Değerli arkadaşlar, saydığım bölgelerin bir iki istisnası dışında tamamı zaten özelleştirmeyle devralınan, zamanında kamuya ait tesisler. 14 bölgeden 2'si yabancılara, diğerlerinin büyük bir bölümü Albayrak, Bayraktar, Yıldırım, Cengiz ve Tekfen gibi Cumhurbaşkanının yakın çevresinden firmalara verilmiş. Teklifle, bu firmalar yatırımlarını tamamlarsa kamuya ait arsaların mülkiyet devri imkânı sağlanıyor. Yani bu madde geçerse, kamuya ait tesisleri özelleştirip bir de üstüne taşınmazlarının mülkiyetini de bugün devrediyoruz. Burada falanca meslek kuruluşuna, filanca vakfa devredilecek küçük yerlerden bahsetmiyoruz. Sayın milletvekilleri, iktidara yakınlığıyla tanınan şirketlere on binlerce metrekarelik alanları devretmekten bahsediyoruz. Bu yatırımcıya teşvik değil, kıyaktır. Sizin ise hedefiniz bu kıyağı, yandaşınız olarak tanımladığınız tüm bu firmalara sağlamak.
Son dönemde, bu bir alışkanlık hâline geldi. Limanların kullanım sürelerini yasayla uzattınız. Orada da bu firmaların pek çoğunun işletme hakkı var. Tüketiciyi korumak yerine, konut projesi yapan inşaat firmalarını koruyarak konut teslim sürelerini uzattınız. Bu teklifle de yandaşların ekonomisini şahlandıracak, adrese teslim bir düzenleme yapıyorsunuz.

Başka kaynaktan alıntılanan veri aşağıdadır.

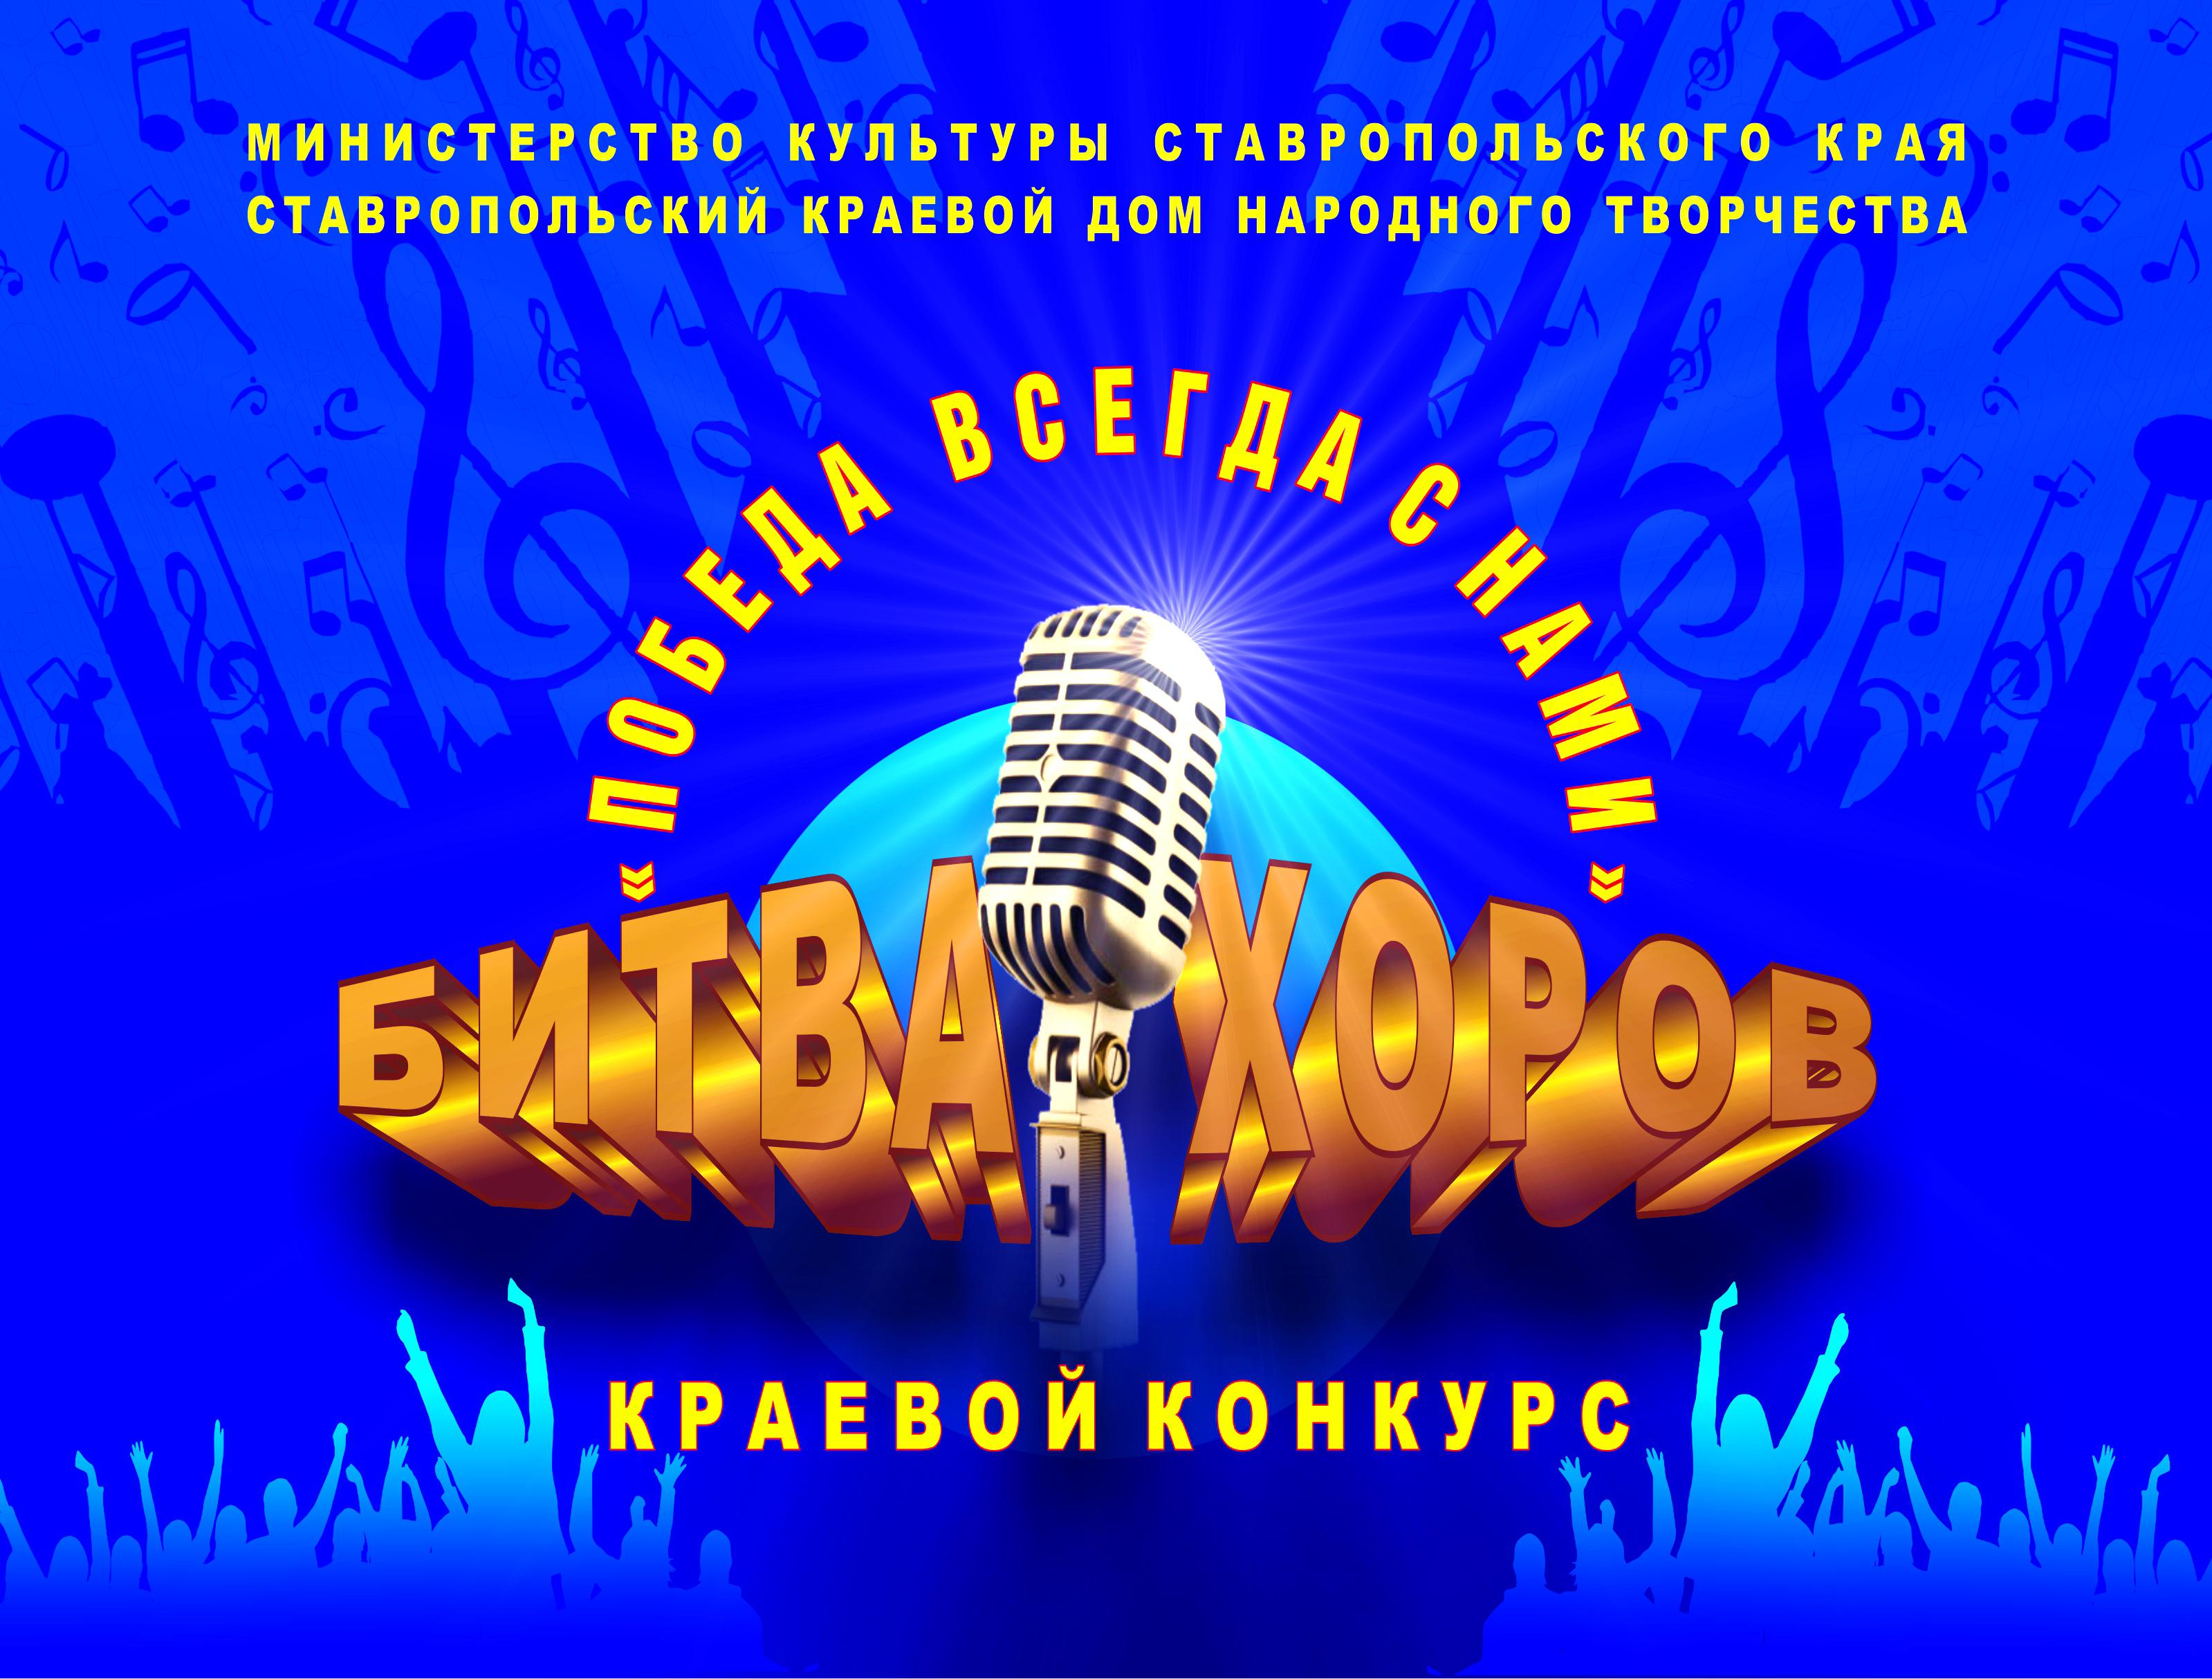 Стартует краевой конкурс «Битва хоров» «Победа всегда с нами»

Değerli arkadaşlar, Endüstri Bölgeleri Kanunu hazırlanırken kanun koyucu neden mülkiyet devrini öngörmemiş; bunu biraz irdelemek lazım. Turizmciye devri kabul etmiş, OSB'lere devri de kabul etmiş ancak endüstri bölgelerinde bu yola gitmemiş. Çünkü yüksek yatırımlı, büyük teknoloji gerektiren bu yatırımlarda, devletin izlediği politika, bu devir yerine kırk dokuz yıl süreyle kullanım hakkı devrini kabul etmiş, "Gerekirse bir kırk dokuz yıl daha veririm." demiş. Şimdi, siz, sonuçlarının nereye varacağını düşünmeksizin köklü bir politikayı değiştiriyorsunuz. Amacınız ise teklifin gerekçesinde de belirttiğiniz gibi "Bu firmalardan size gelen talebi karşılamak." Ya, böyle bir gerekçe olur mu? "Bu firmalardan bize gelen talebi karşılayacağız." Böyle bir gerekçe olur mu? Yani firmaların mevzuata uygun olmayan taleplerini reddetmek yerine, mevzuatı taleplere uygun hâle getirmeye çabalıyorsunuz burada.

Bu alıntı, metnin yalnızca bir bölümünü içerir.